Tallon se mantenía cerca de los árboles, ocultándose cada vez que veía los faros de algún vehículo, y examinaba los silen­ciosos edificios buscando un lugar propicio para dormir. A medida que dejaba Sweetwell atrás, los bien cuidados jardines de las fábricas eran reemplazados gradualmente por pe­queños bloques de viviendas y luego por casas particulares pertenecientes a las personas más adineradas. Los recortados céspedes resplandecían a la luz de la pista. Varias veces, mien­tras andaba, su visión de lo que le rodeaba pareció difuminarse, y susurró severamente a Seymour, apremiando al terrier a mantenerse alerta. Pero al final tuvo que admitir que el fallo estaba en el juego de ojos. Empujó con el dedo la diminuta guía que controlaba la potencia y quedó desconcertado al des­cubrir que se encontraba casi al final de su ranura. Parecía como si el daño que había sufrido la batería de alimentación fuera de efectos progresivos, en cuyo caso…

Tallon descartó la idea y se concentró en encontrar un lugar para pasar el día. Empezaban a aparecer luces en las ventanas cuando abrió la puerta de un cobertizo rodeado de arbustos en la parte posterior de una de las viviendas más espaciosas. La oscuridad en el cobertizo estaba llena del nostálgico olor a tie­rra seca, herramientas de jardinería y aceite de máquinas. Tallon se instaló en un rincón, con Seymour, y sacó algunas de sus nuevas pertenencias. Tenía la automática incrustada en oro de Amanda Weisner, comida suficiente para varios días, un fajo de billetes, y un aparato de radio. A una hora más avanzada del día, mientras yacía en su universo privado de ne­grura, con el juego de ojos desconectado, pudo captar los pri­meros boletines de noticias.

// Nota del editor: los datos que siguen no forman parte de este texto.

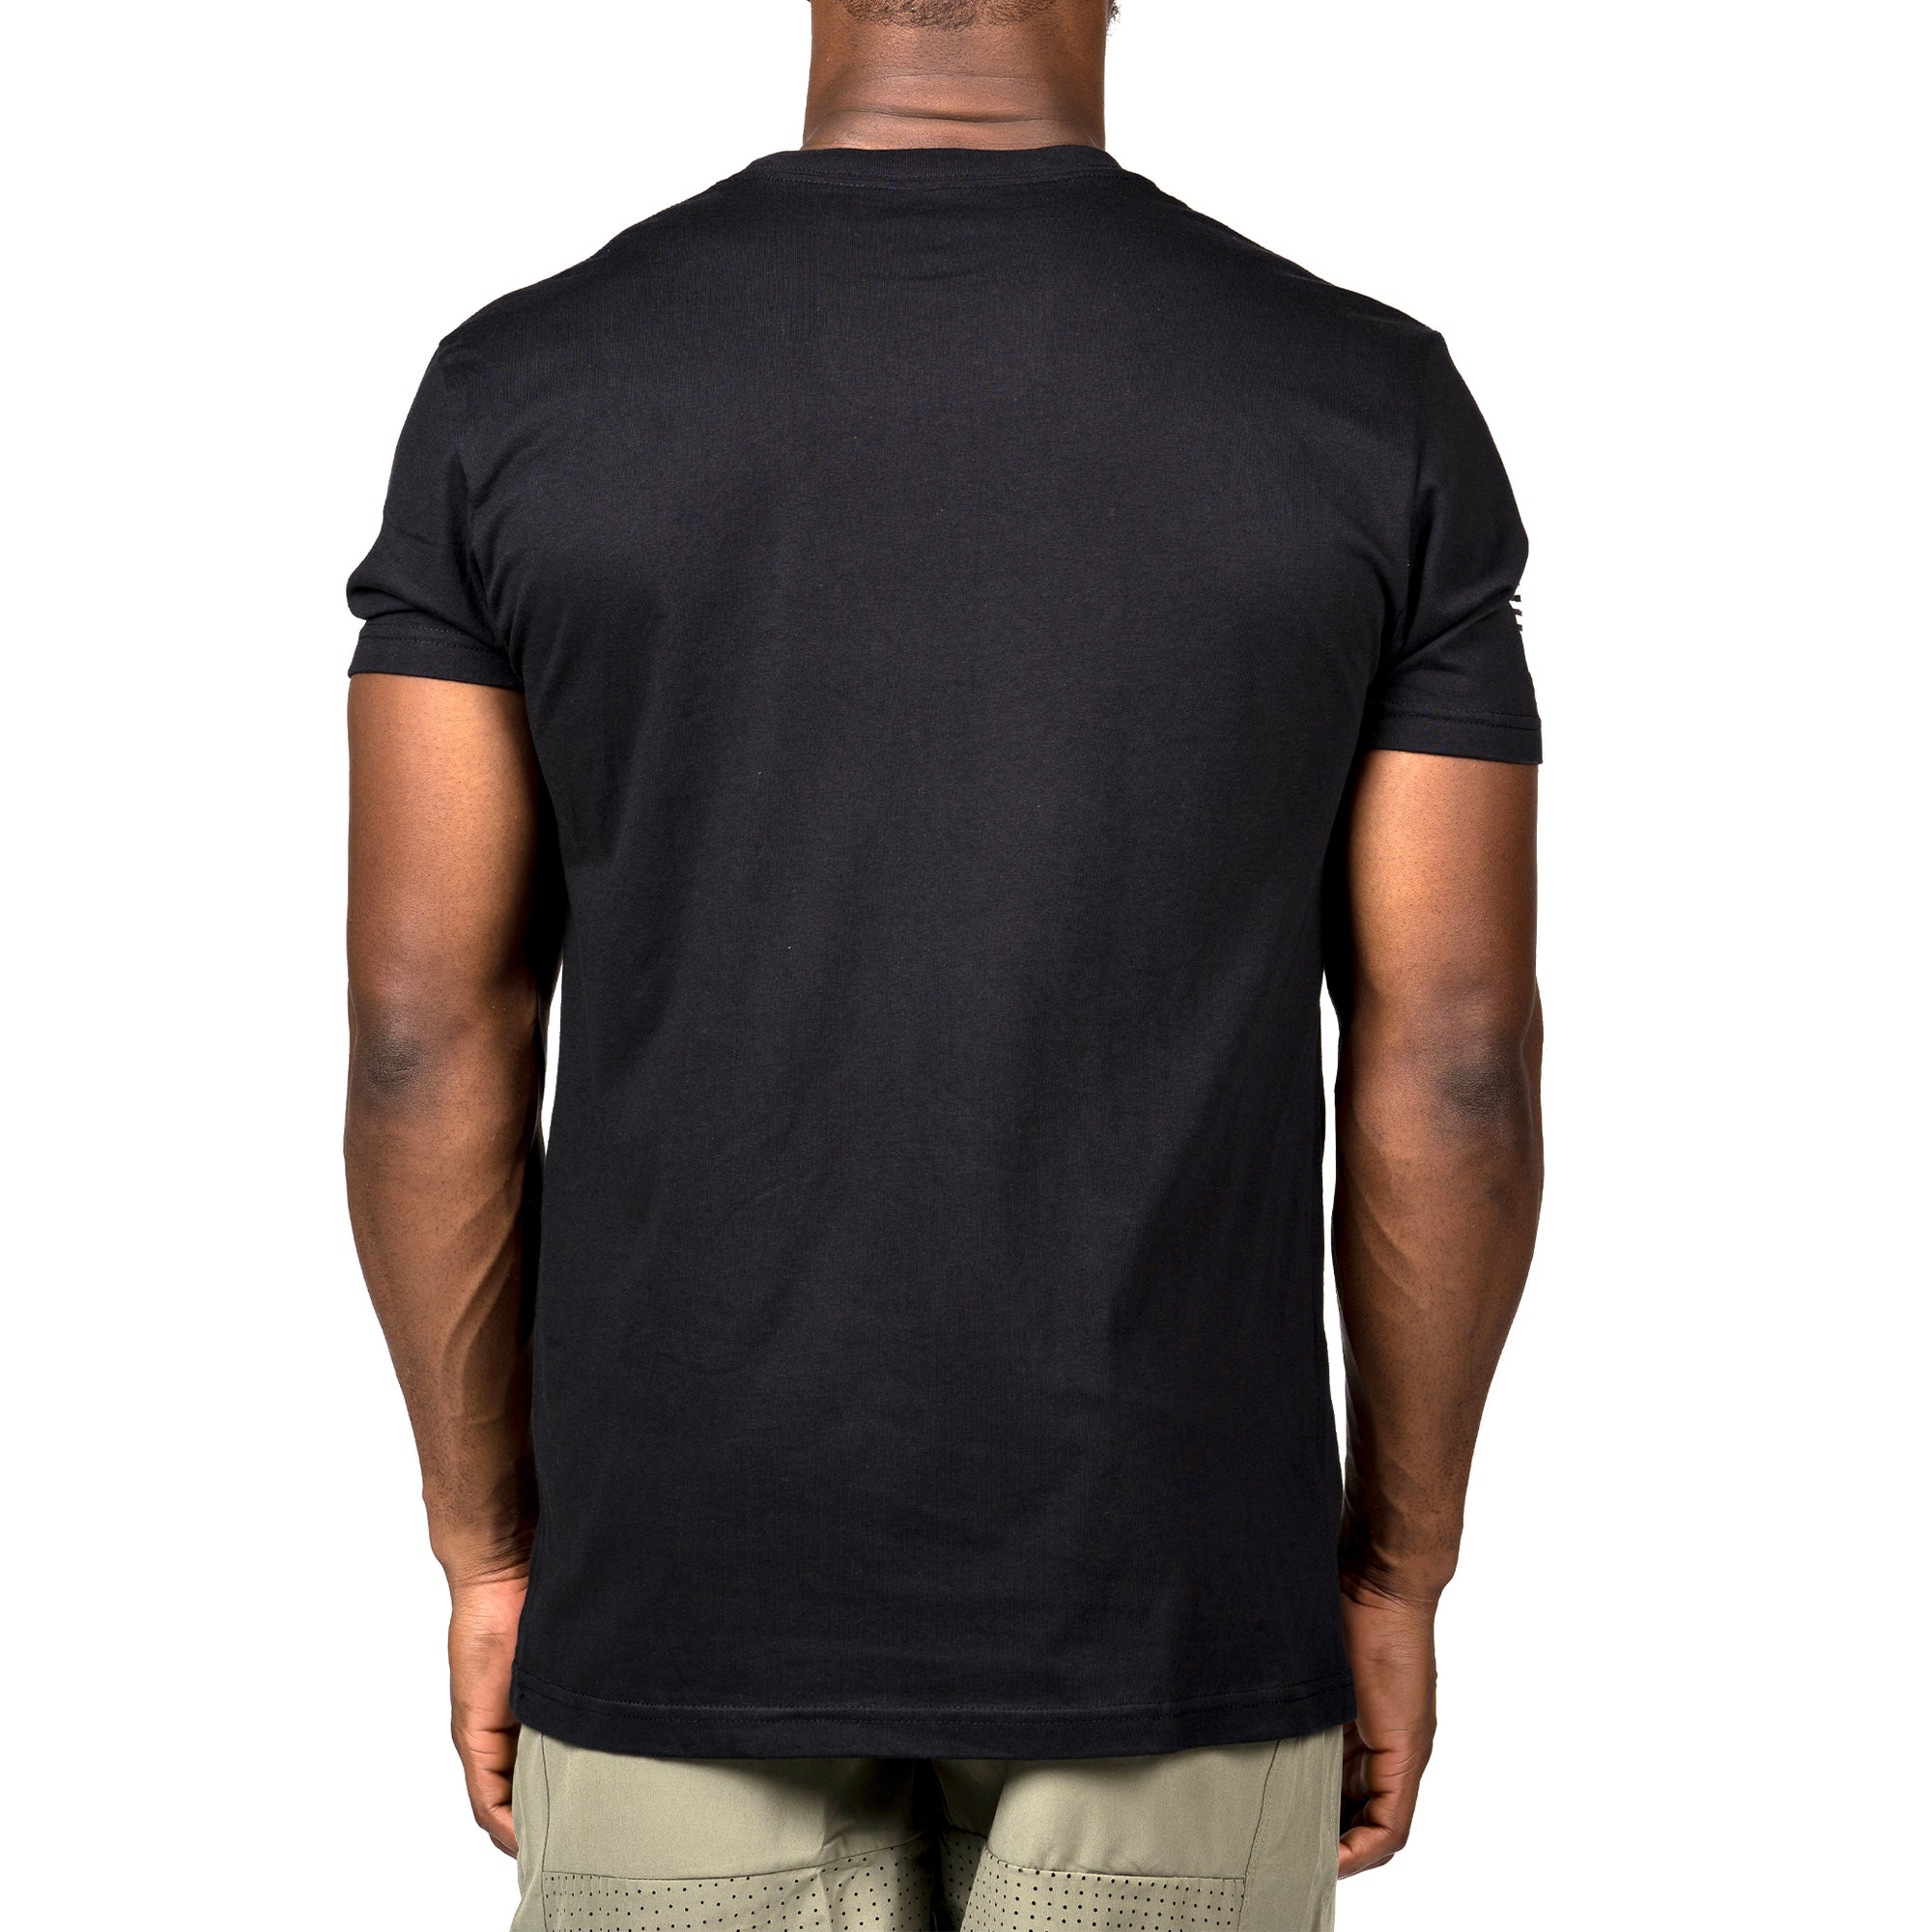 Men's T-Shirt - Genuine Savage - Savage Barbell Apparel

El Recluso Samuel Tallon, decían, seguía con vida y había alcanzado la ciudad de Sweetwell. Tallon, convicto de espio­naje para la imperialista Tierra, había penetrado en un restau­rante de Sweetwell, había atacado y violado a la propietaria, y había desaparecido con la mayor parte de su dinero. Se confirmaba que el recluso en fuga, a pesar de ser ciego, estaba equipado con un aparato basado en el principio del radar que le permitía ver. Era descrito como un individuo armado y peli­groso.

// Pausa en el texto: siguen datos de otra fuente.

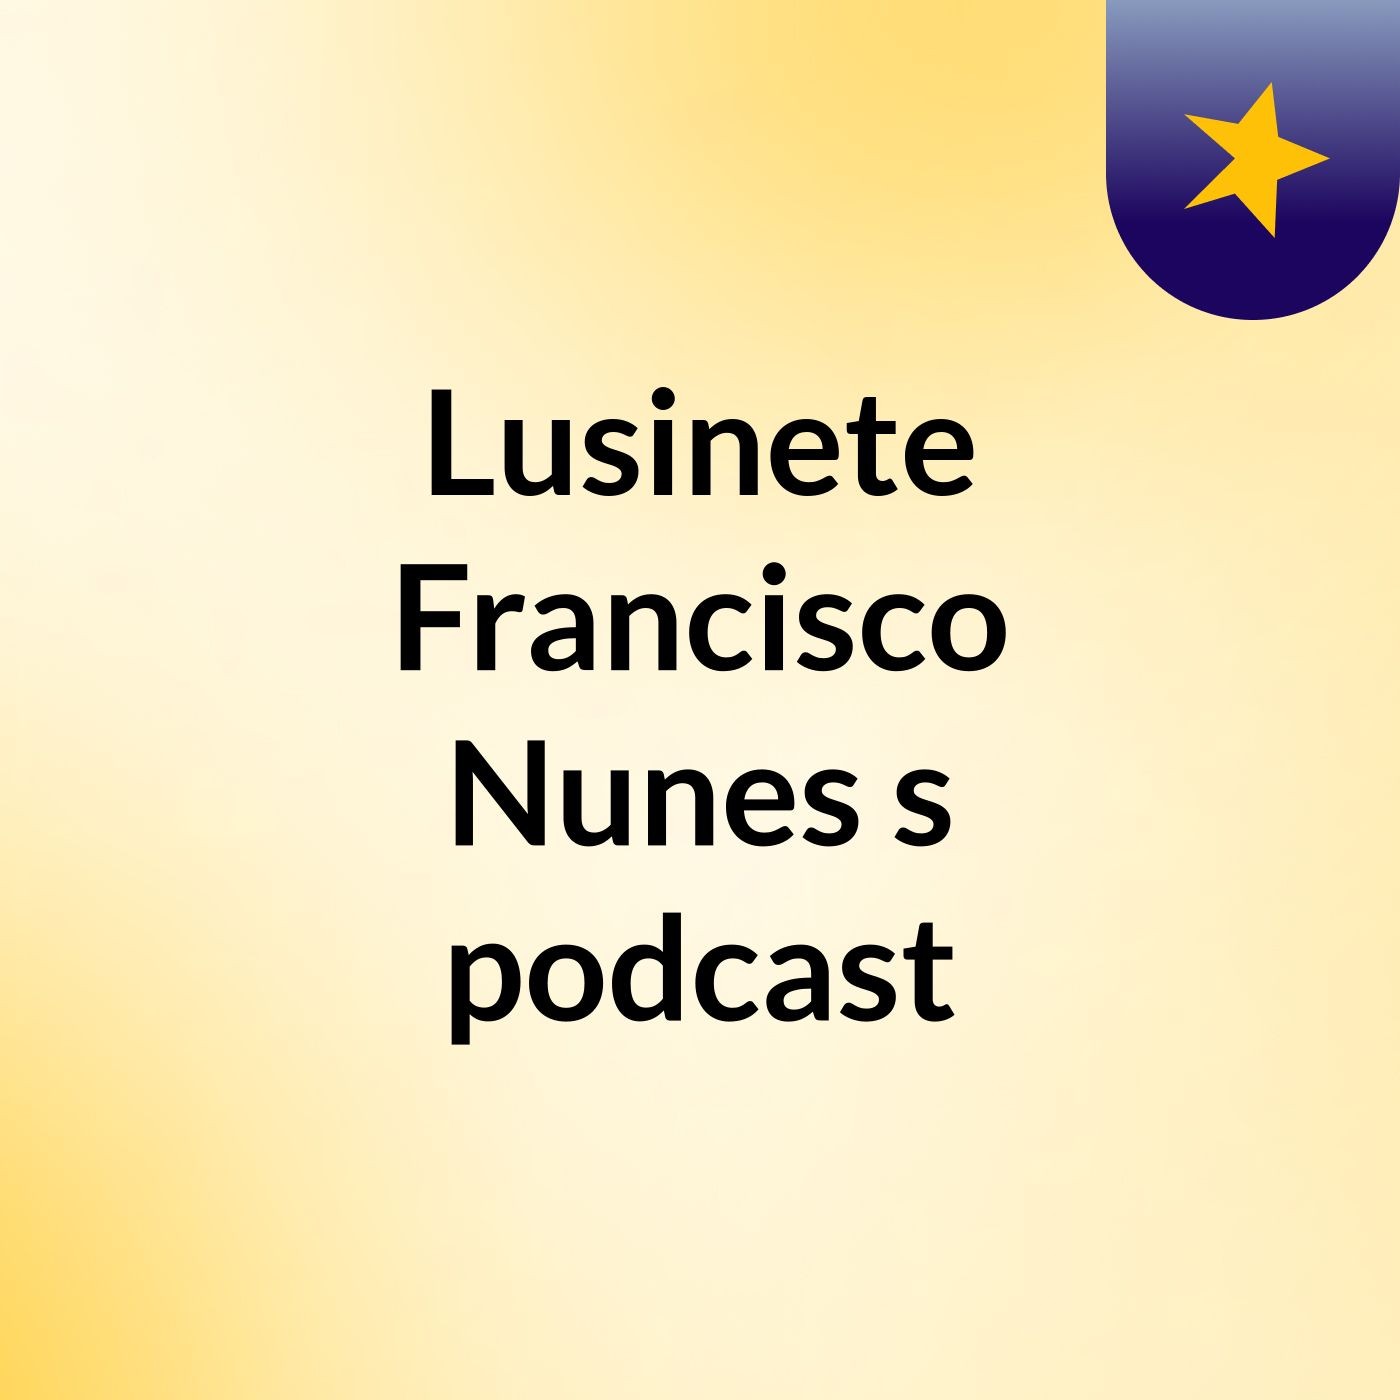 Lusinete Francisco Nunes's podcast

Tallon sonrió sarcásticamente. El detalle de la violación era particularmente irónico, procediendo de Amanda. Logró dor­mitar durante la mayor parte del día, despertando del todo únicamente cuando los leves gruñidos de Seymour anunciaban que alguna persona andaba cerca del cobertizo. Pero no entró nadie, y Tallon acabó por dejar de pensar en lo que haría si entraba alguien. La filosofía de Winfield de que un hombre tenía que desenvolverse lo mejor que pudiera en el presente, sin pensar en el futuro, no resultaba especialmente atractiva para Tallon, pero era la única que podía aplicarse en las actua­les circunstancias.

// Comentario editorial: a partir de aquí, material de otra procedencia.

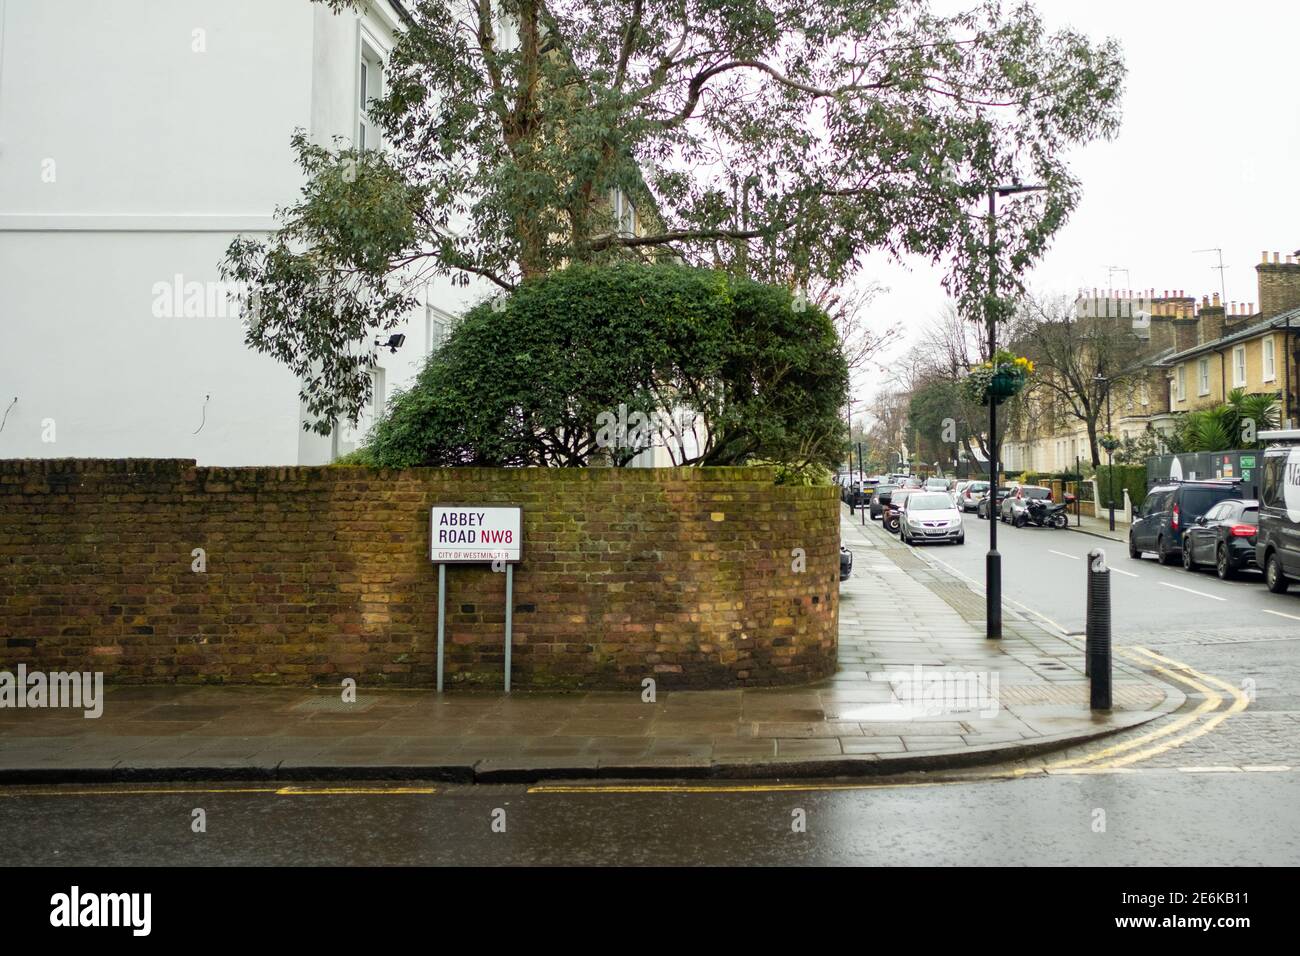 London - Abbey Road Straßenschild, eine berühmte Straße im Nordwesten Londons Stockfoto

Al atardecer recogió a Seymour y el paquete y abrió caute­losamente la puerta. Cuando estaba a punto de salir, un auto­móvil de color ciruela penetró en la finca y fue a detenerse de­lante del edificio principal. Un joven robusto se apeó, con su chaqueta colgada del brazo, y saludó con la mano a alguien de la casa que estaba más allá del campo visual de Tallon. El joven echó a andar hacia la entrada, se detuvo junto a un ma­cizo de flores cantarinas de color azul celeste, y se inclinó para arrancar una mala hierba. Al contacto de sus dedos las flores iniciaron un canturreo suave y melancólico que fue claramente audible en los oscuros límites del cobertizo.

Las flores cantarinas eran una variedad nativa que se ali­mentaba de insectos, utilizando el lastimero canturreo para atraer o arrullar a sus víctimas. A Tallon nunca le habían gus­tado. Escuchó impasible unos instantes, manteniendo el ojo de Seymour pegado a la estrecha abertura de la puerta. El hom­bre robusto descubrió otras malas hierbas y las arrancó; lue­go, murmurando furiosamente, se encaminó al cobertizo. Tallon sacó la automática de su bolsillo, la cogió por el cañón y esperó, mientras los crujientes pasos se acercaban al otro lado de la puerta.